How tutoring can take COVID recovery burden off teachers

Tutoring seen as a “game changer” in providing students with more personalized support

COVID learning loss will further tax teachers who, even pre-pandemic and particularly in under-resourced districts, faced challenges in supporting all learners adequately, experts say.

A well-integrated tutoring program would take pressure off teachers to repair COVID’s disruptions on their own, says Katharine B. Stevens, a visiting scholar at the American Enterprise Institute.

“Teachers are coming back to extremely difficult jobs,”says Stevens, who recently posted a blog titled “We need a national tutoring program to avert educational catastrophe.”

“We cannot expect them to be miracle workers and put the pieces back together on their own in their classrooms with their doors shut,” she says.

England’s robust tutoring model

Tutoring can be a “game changer” in providing students with more personalized support in one-on-one or small group sessions. As a model, she points to the National Tutoring Programme recently launched in England.

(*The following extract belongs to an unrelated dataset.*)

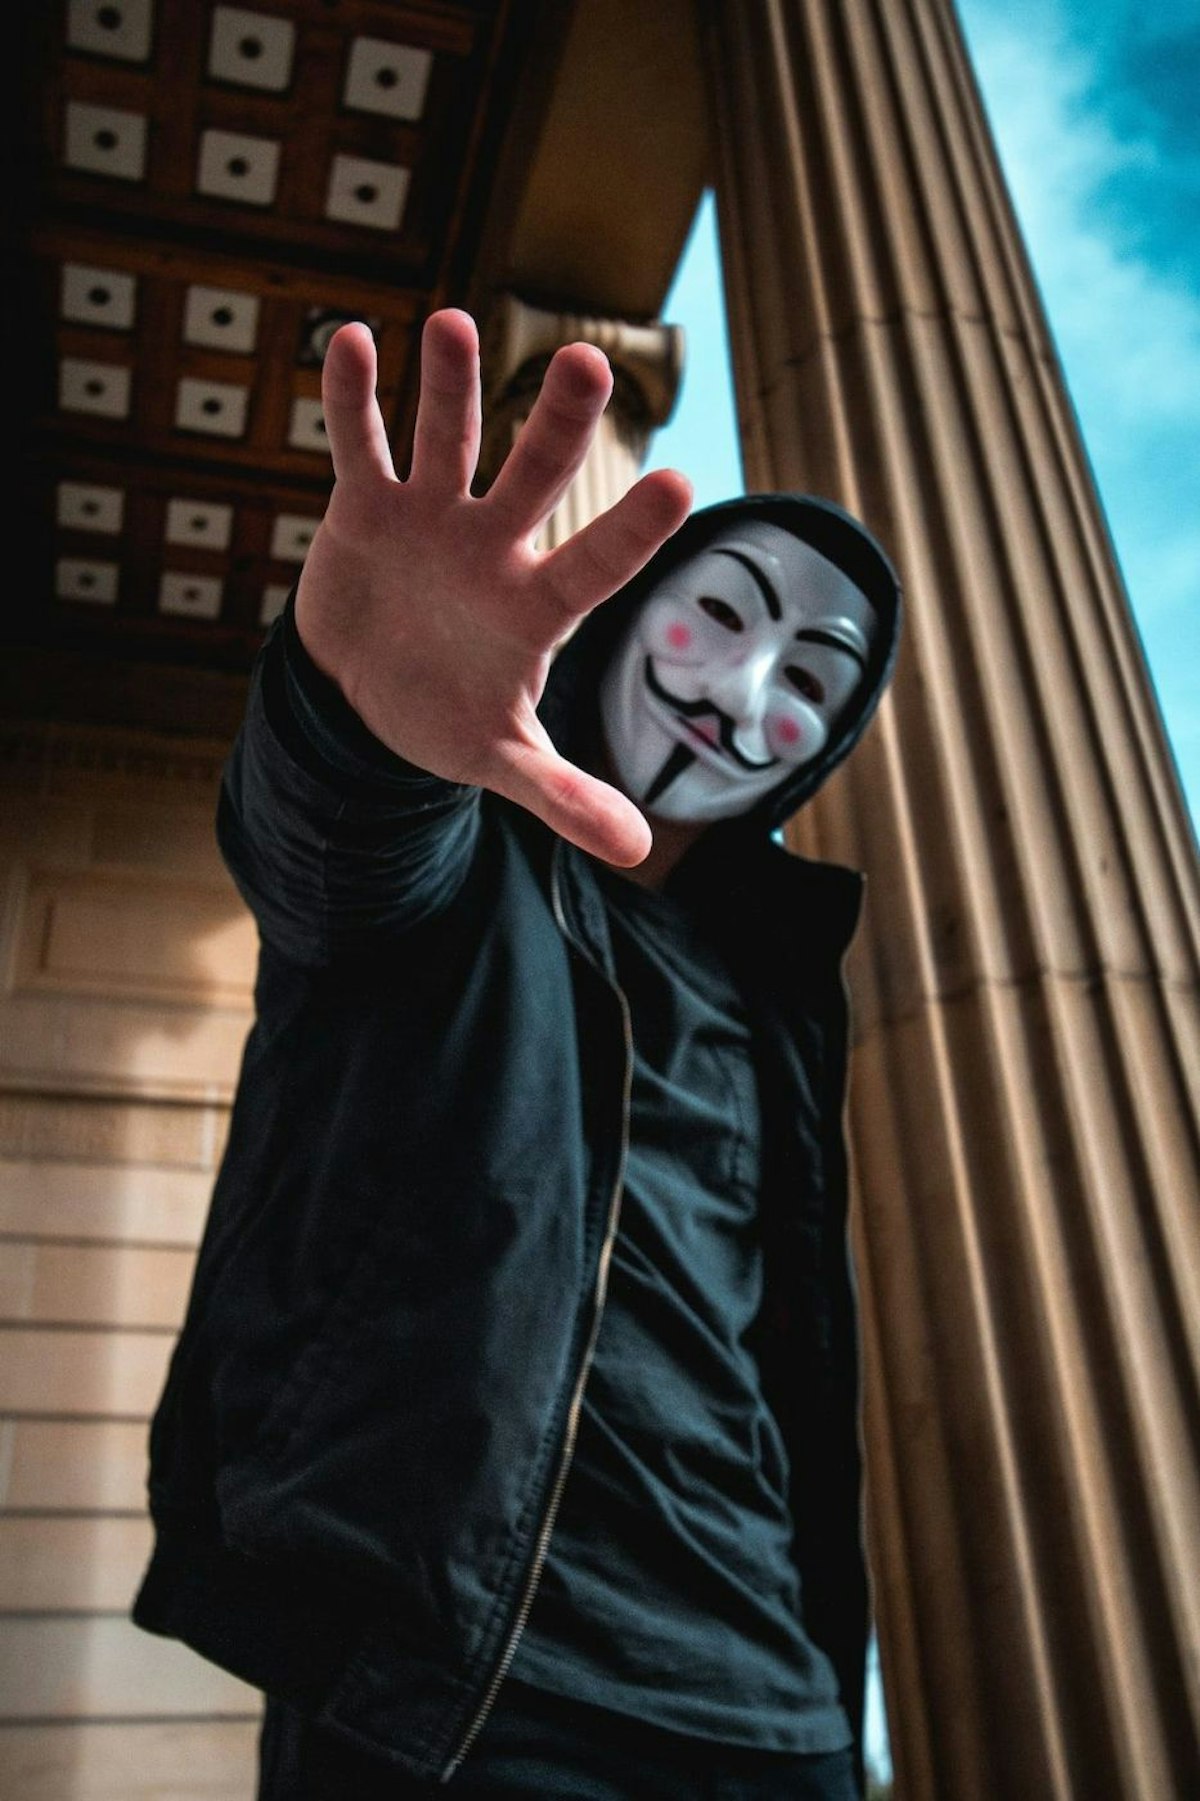 featured image - "Hackers for Hire" est une industrie en plein essor qui exige des considérations éthiques
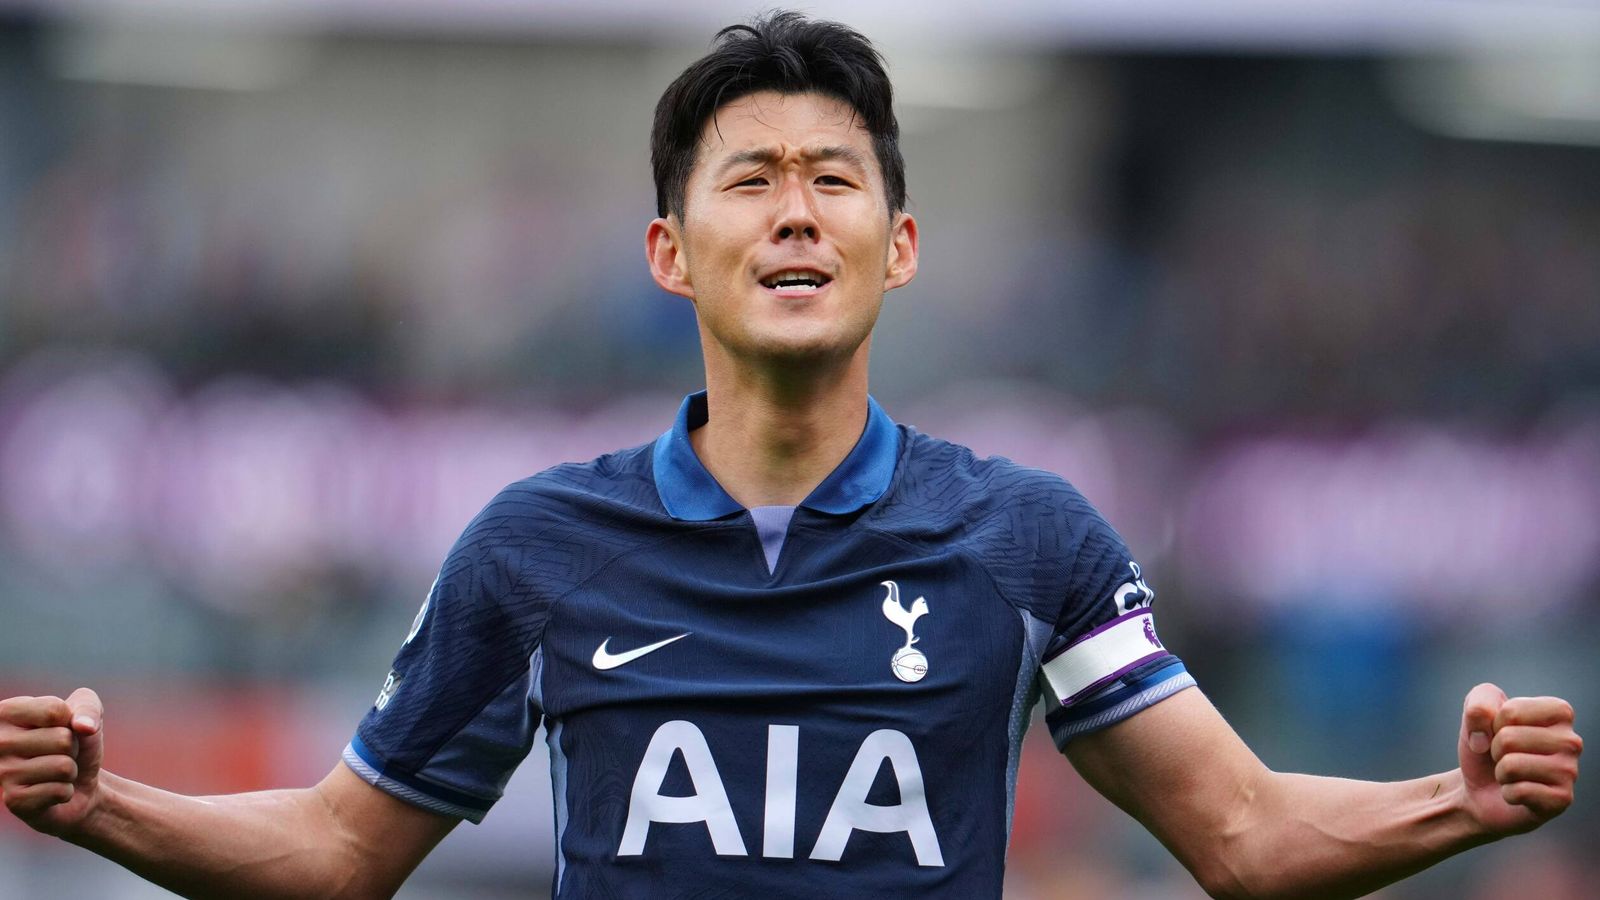 Burnley 2-5 Tottenham : Heung-min Son marque un triplé pour préserver l’invincibilité de Tottenham en Premier League |  actualités du football

Schools in the U.K. can now access subsidized tutoring from a list of pre-screened providers, known as “Tuition Partners,” who offer individualized instruction to children virtually and in person.

The program also places trained college graduates of all ages in schools as full-time “Academic Mentors” who work with students one-on-one and in small-group instruction in schools serving the most disadvantaged children.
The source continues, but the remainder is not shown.